Convenience Library for CV grid-search optimization of scikit classifiers.
This is a convenience library for use with scikit supervised learning algorithms (knn,Logistic Regression, etc). It provides methods to automatically conduct a cross-validated grid-search for hyperparameter tuning - so you don't need to code loops every time.
It also includes a ModelSelector which will run comparisons of all models - returning runtimes and accuracy scores for different models.
Assume the user will split their dataset into training and test sets - X_tr/Y_tr and X_te/Y_te, respectively.
logreg = LogRegress()
Y_te_pred = logreg.fit(X_tr, Y_tr).predict(X_tr, Y_tr, X_te)
We could then compare the accuracy of Y_te_pred to the known Y_te. Alternatively, we cando it automatically
logreg = LogRegress()
accu = logreg.score(X_tr, Y_tr, X_te, Y_te) # compares Y_te (pedicted) to Y_te (actual) automatically
Using the full known dataset X/Y and unknown dataset X_un, just call
logreg = LogRegress()
Y_un_pred = logreg.fit(X, Y).predict(X, Y, X_un)

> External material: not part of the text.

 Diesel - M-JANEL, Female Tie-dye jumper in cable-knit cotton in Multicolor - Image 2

The ModelSelector provides an easy way to compare preliminary (though optimized) results on different models.
Calling
model_sel = ModelSelector()
model_sel.fit(X_tr, Y_tr, X_te, Y_te)
will return the several important elements:
(ranked) accuracy scores of the different models and the computation times required. Can be accessed via the pandas dataframe
model_sel.summary_df
The best model (instance) is also returned, with the best parameters it found in training.
best_mod = model_sel.models[model_sel.best_model]
Note that running
Y_un_pred = best_mod.fit(X,Y).predict(X,Y,X_un)
or
best_mod.best_params = None # this line would reset the params, and fit() would re-optimize for the full set.

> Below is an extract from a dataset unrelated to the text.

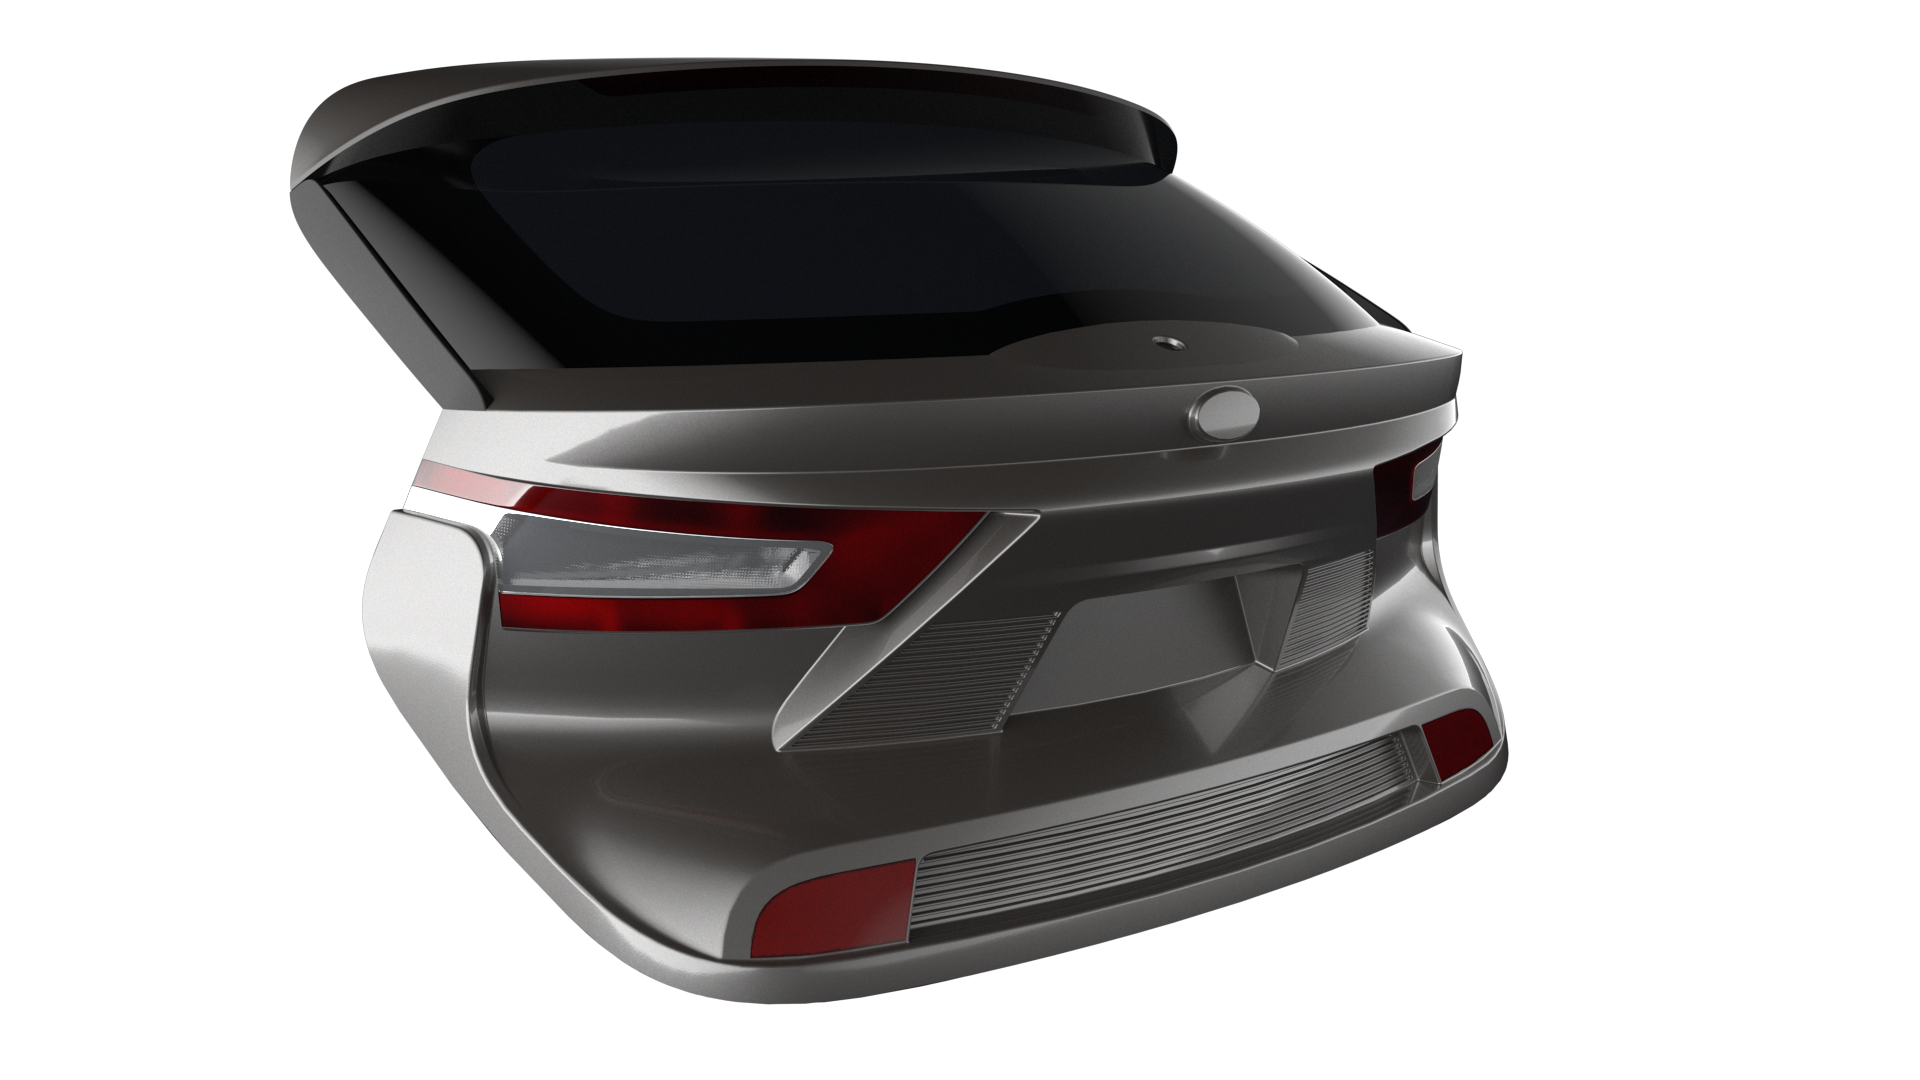 Magna thermoplastic liftgate

Y_un_pred = best_mod.fit(X,Y).predict(X,Y,X_un)
will yield different results. In the latter case, the prediction will be done with parameters optimized over all of X,Y. In the former case, we would use parameters optimized over X_tr,Y_tr. The latter requires recomputation but uses more of the data for tuning.

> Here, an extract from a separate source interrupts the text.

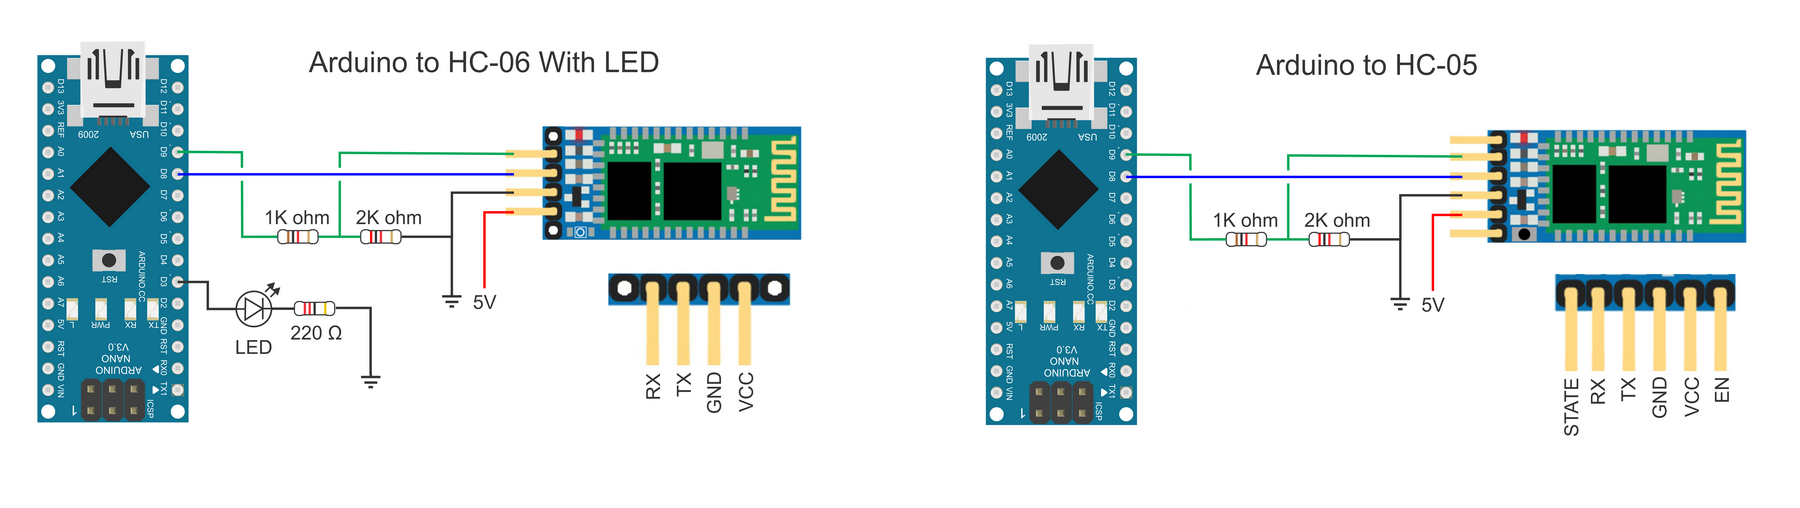 Video streaming using bluetooth? - Project Guidance - Arduino Forum

By default ModelSelector will check every model. We can pass a list of model names (strings) to either check or ignore.
To only run and compare kNN and LogRegress models:
model_sel = ModelSelector(check=['kNN','LogRegress'])
To check every model except kNN and LogRegress:
model_sel = ModelSelector(ignore=['kNN','LogRegress'])
For now, we support the following model names. Equivalent scikit models can be found in the import section of the source code.
['GMM', 'LogRegress', 'DecTree', 'RandForest', 'SupportVC', 'kNN', 'BGMM', 'GaussNB', 'MultiNB']
Note that GMM and BGMM are kernel density estimation classifier that are not in scikit. They fit a GaussianMixture or BayesianGaussianMixture to each label, and use the probability of an unknown point being sampled from either distribution to classify it.